## What you are asked to do:
An exact copy is required of the lines running from the one that contains "best over-ear headphones" to the end of the material, both ends included, with pictures omitted.
Data Start Marker
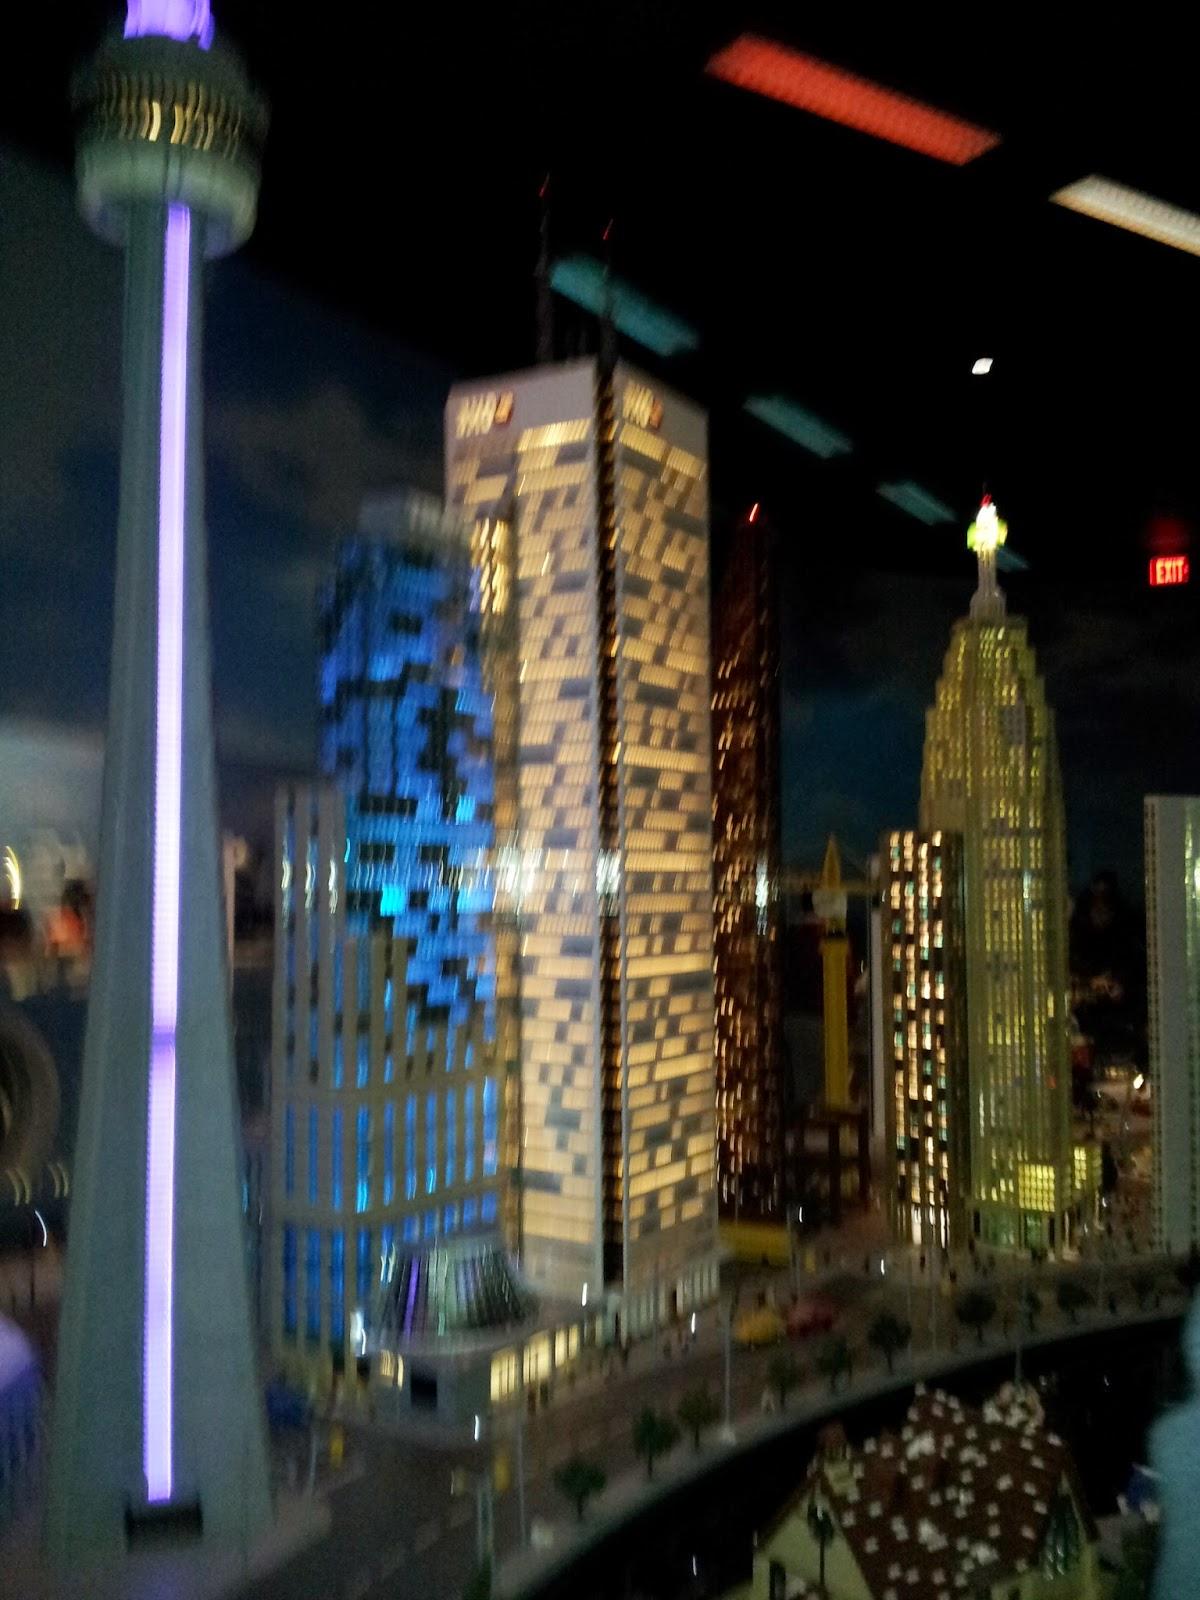 Legoland Miniland Toronto skyline, kids activities
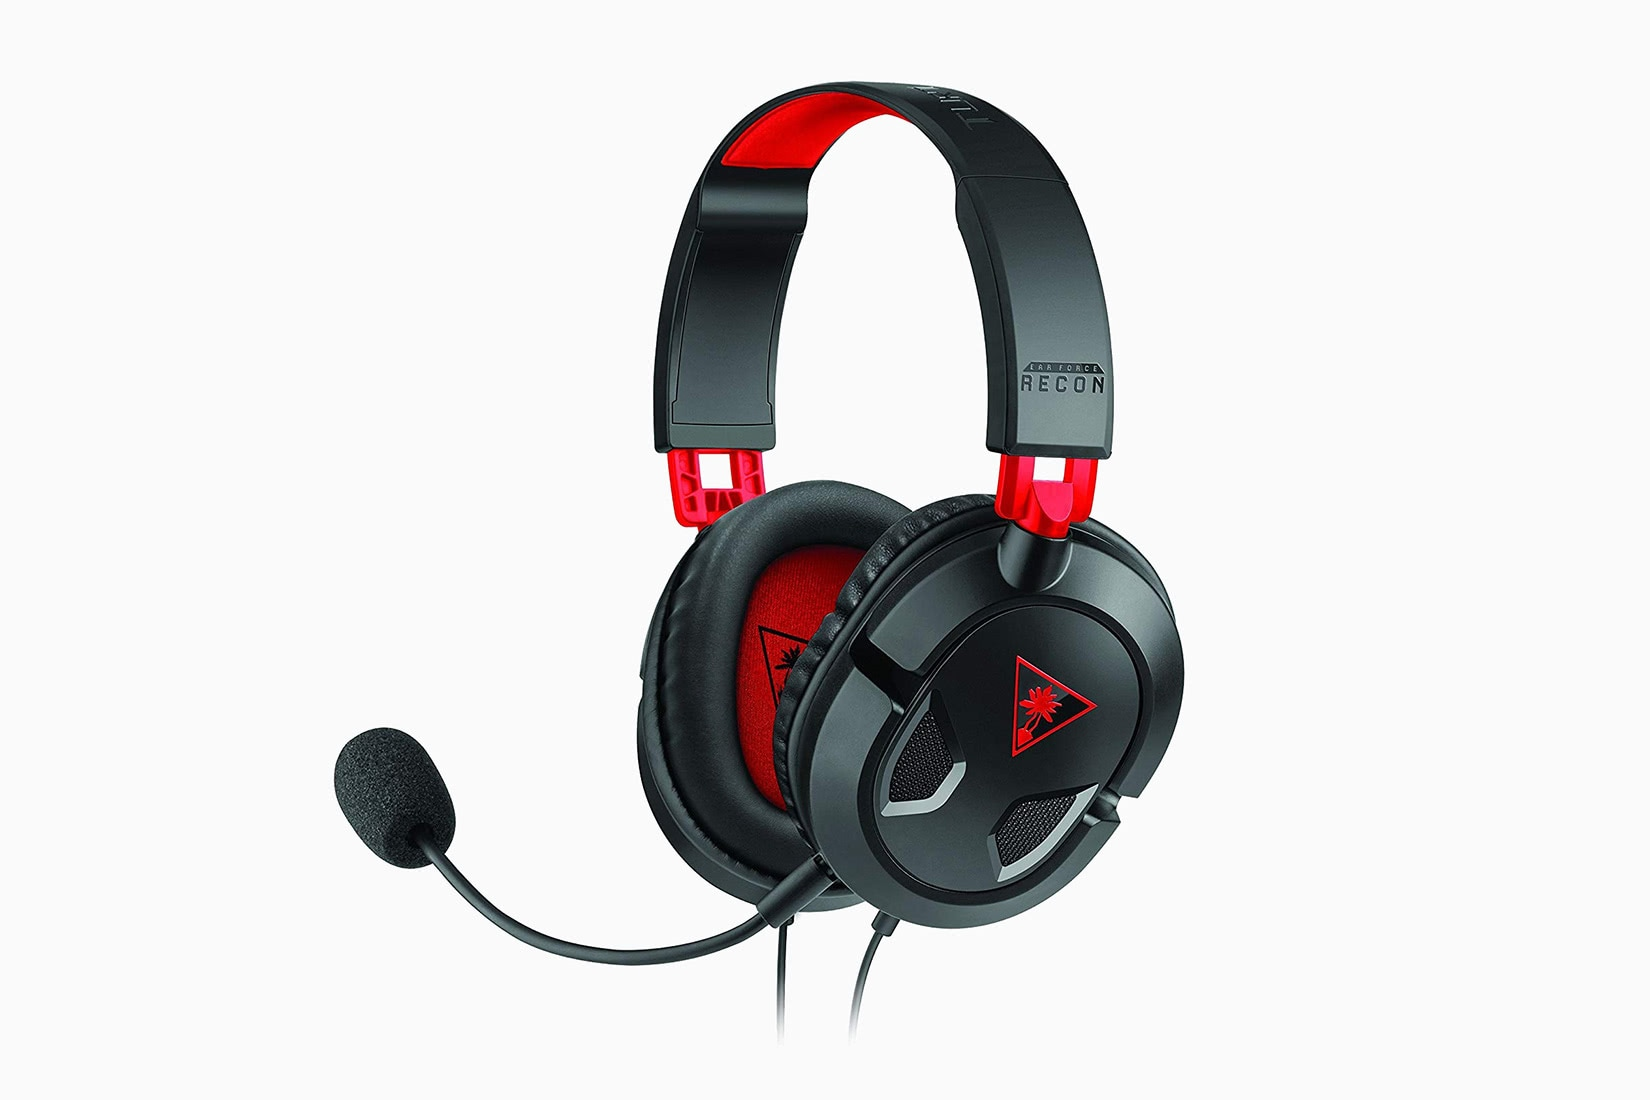 best over-ear headphones turtle beach ear force recon 50 review - Luxe Digital
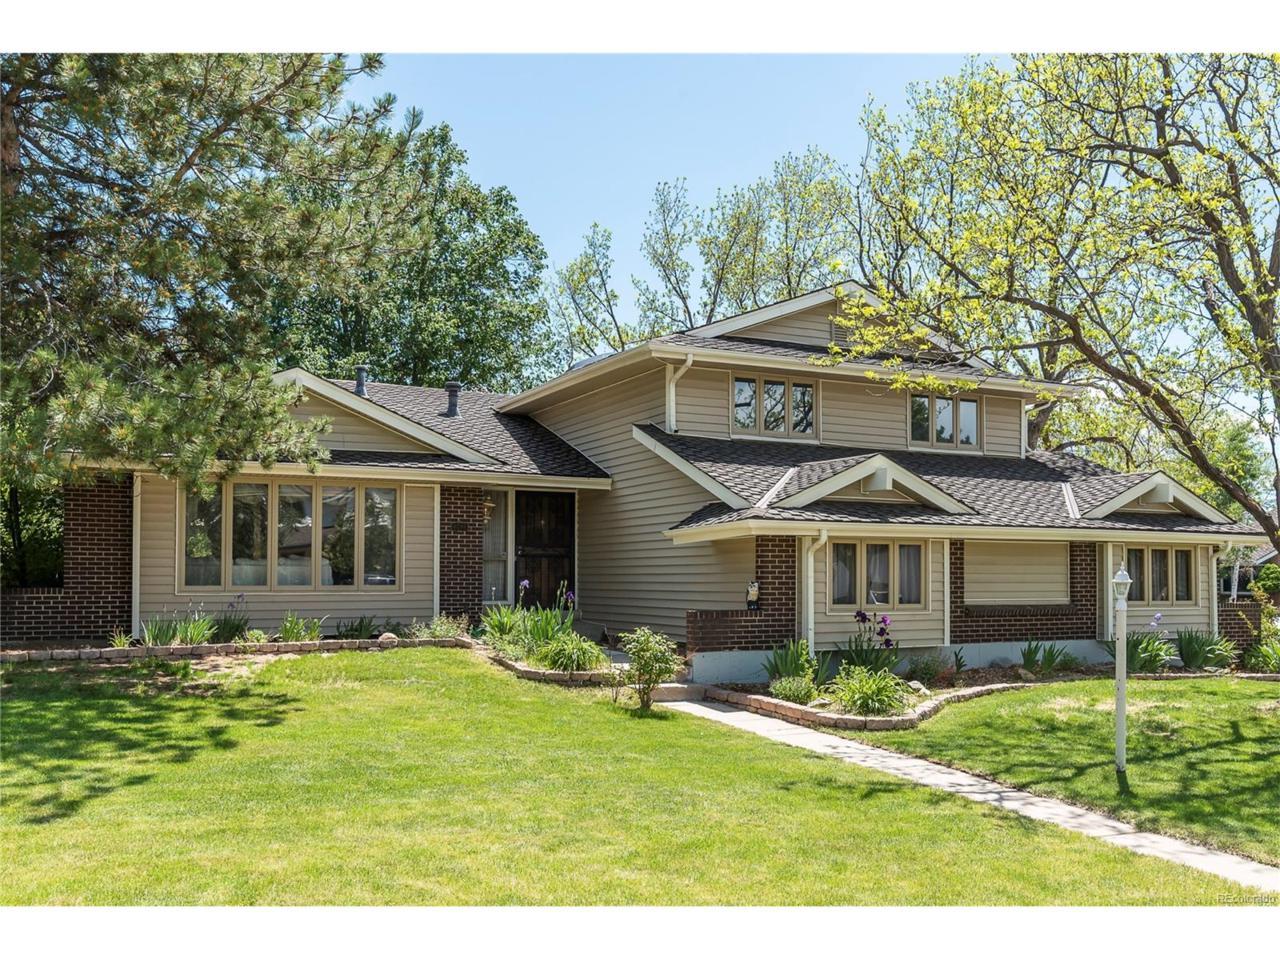 6296 S Hudson Court, Centennial, CO 80121 (MLS #8091565) :: 8z Real Estate
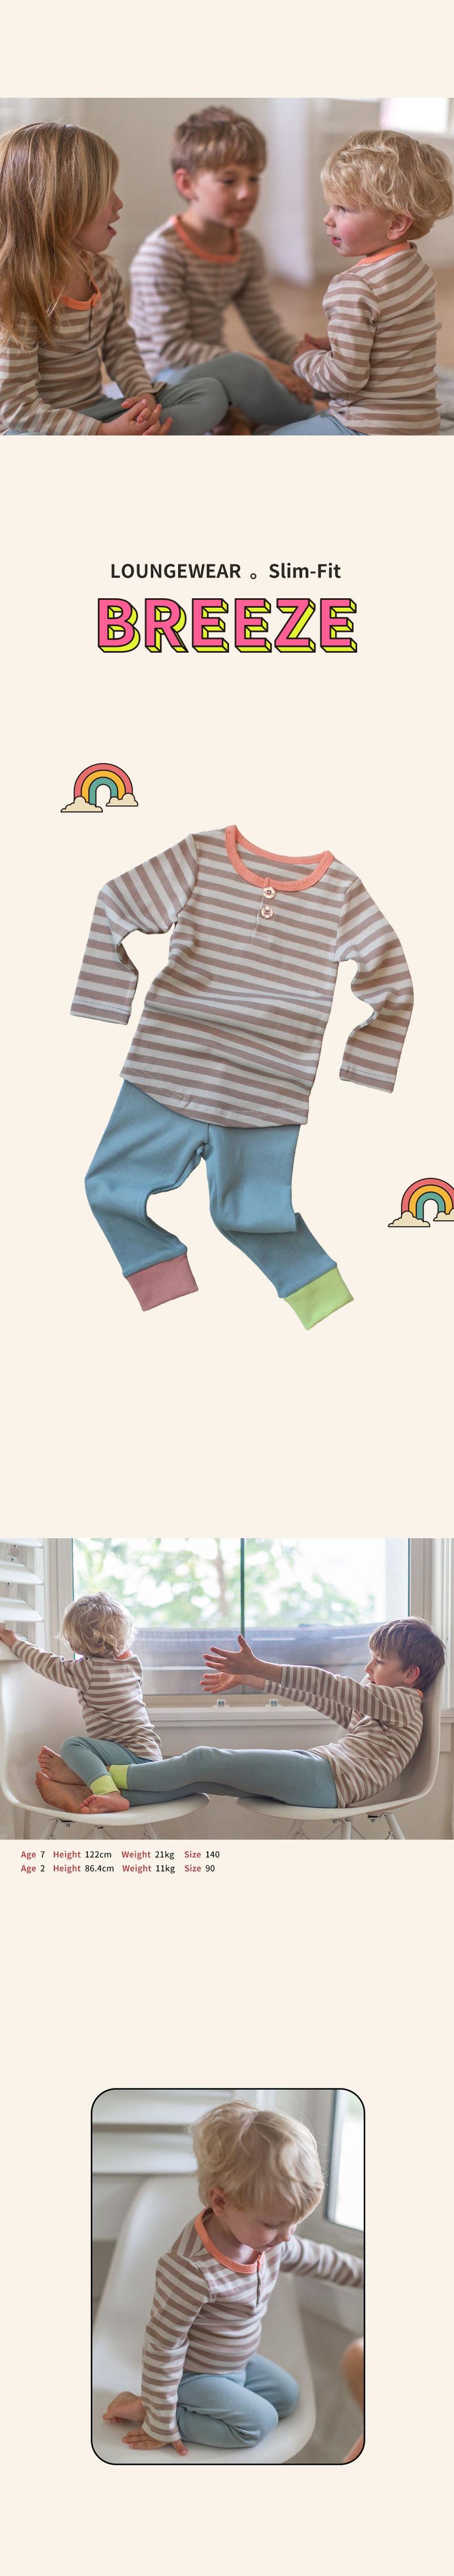 KOKACHARM - Korean Children Fashion - #Kfashion4kids - Breeze Loungewear
Data End Marker
## Written response:
 best over-ear headphones turtle beach ear force recon 50 review - Luxe Digital
 6296 S Hudson Court, Centennial, CO 80121 (MLS #8091565) :: 8z Real Estate
 KOKACHARM - Korean Children Fashion - #Kfashion4kids - Breeze Loungewear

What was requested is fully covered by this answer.